At the library, I have to check in my bag and coat. Brattenbury has installed one of his guys as a cloakroom attendant and, by the time I’m in line to collect my stuff at closing time, the audio data has been collected and the memory cleared. If I want to leave a message, I simply speak into one of my devices before checking it in.

I receive instructions at the same time. Brattenbury has his messages printed on the inside of food wrappers, Twix and KitKat mostly, then rewraps them around the original chocolate. A cute touch that. I can’t let Vic and his buddies find me in possession of any messages, but nor do I want to have to burn, shred, eat or otherwise destroy ordinary slips of paper. If I was seen doing that it would be almost as dangerous as being found with the original. So I just open up my chocolate, read the message while I’m eating, then chuck the waste into any street bin. Occasionally I get messages via Western Vale’s internal mail, but not mostly.

‘Well, if you’re not going to …’

Brattenbury helps himself to champagne, which seems to restore his mood. He’s in his Saturday attire. Dark jeans, suede shoes, suede jacket, pale blue shirt. It’s a look which vaguely suggests the casual without, I think, actually being anything of the sort. But that’s OK. I prefer my spymasters to be sticklers for detail. He has the pinkish, self-righteous glow of a man who has already visited the gym.

I finish my first sausage. I want Brattenbury to tell me what they’ve found out about Vic, but I don’t ask. Start on some egg.

‘Vic Henderson. Not his real name, of course. Apartment down on the Bay. We’ve installed surveillance. Non-intrusive. Got permission to listen in to his landline. We weren’t able to do that before because we didn’t have sufficient grounds for a warrant. Thanks to you, we do now.’

I wait for him to tell me more. He waits for me to ask him a question.

I help myself to mushrooms.

I’m a slow eater.

He says, ‘We don’t yet have useful data, but it’s only been two days. He’s careful.’

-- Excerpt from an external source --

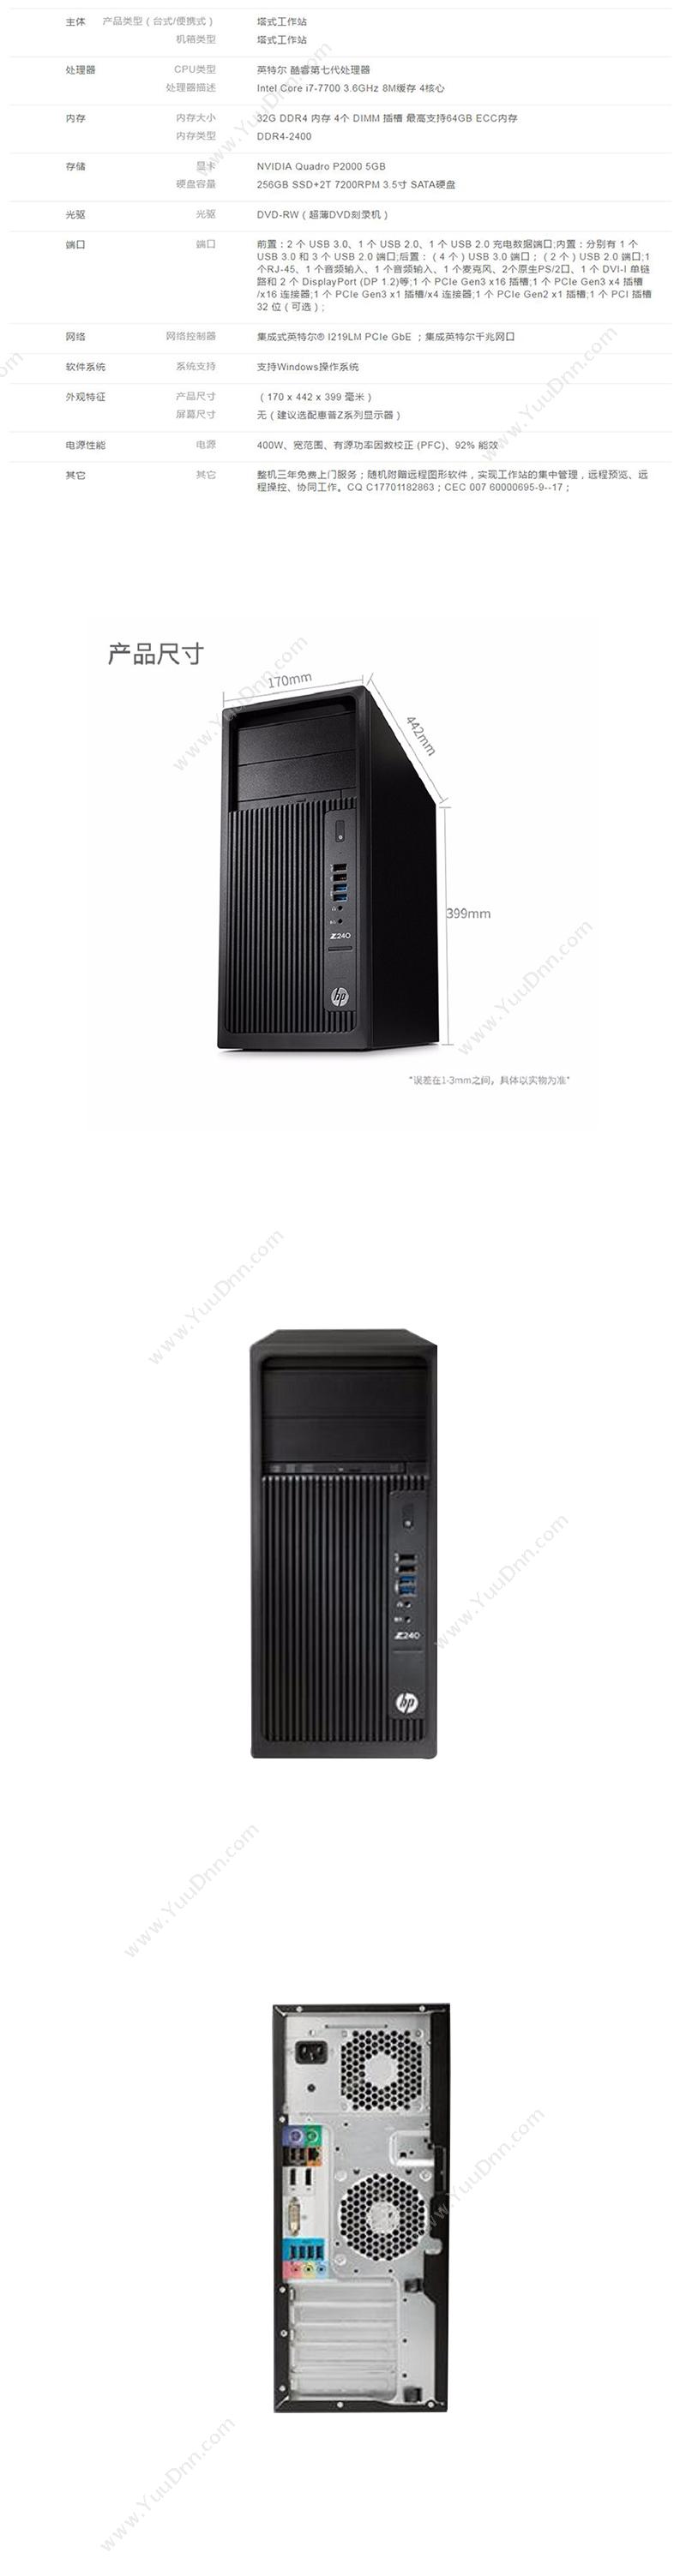 惠普 HP Z240 Tower Workstation 工作站    Intel Core i7-7700/32GB/256GB+2TB/P2000 5GB显卡 台式工作站

I put my fork down. ‘Vic must have reported back on me. Must have done.’

‘He uses a disposable mobile phone. We’re trying to intercept it, but he’s been careful so far.’

There are lots of ways to be careful. You can take the battery out of the phone, rendering it invisible except when you make or receive a call. You can change phones frequently. You can make sure your calls are encrypted. Or you can use your phone only in places, like the center of Cardiff, where no interesting location data is imparted. It’s pretty much impossible to intercept a call on a phone whose number and location you don’t know.

‘His movements?’

‘He’s careful. Full of tricks.’ Brattenbury doesn’t elaborate, but it’s not that hard to shake off a tail. Hopping on and off public transport, reversing course, entering public buildings. The tricks used in any spy movie are still reliable ways to evade pursuit. And, of course, Brattenbury’s surveillance guys have to be acutely careful not to be identified, or ‘burned’, because any slip on their part could easily compromise me. ‘But we’re patient,’ he says. ‘These guys always lose patience before we do. The key thing is getting access and you’ve given us that. We think Henderson is probably a handler, nothing more. We suspect that the gang probably has a finance expert. Probably also a computer guy, unless that’s the same person. Maybe also an overall boss, if that’s how they organize themselves. So perhaps three to four people in total, and you’ve given us one of them.’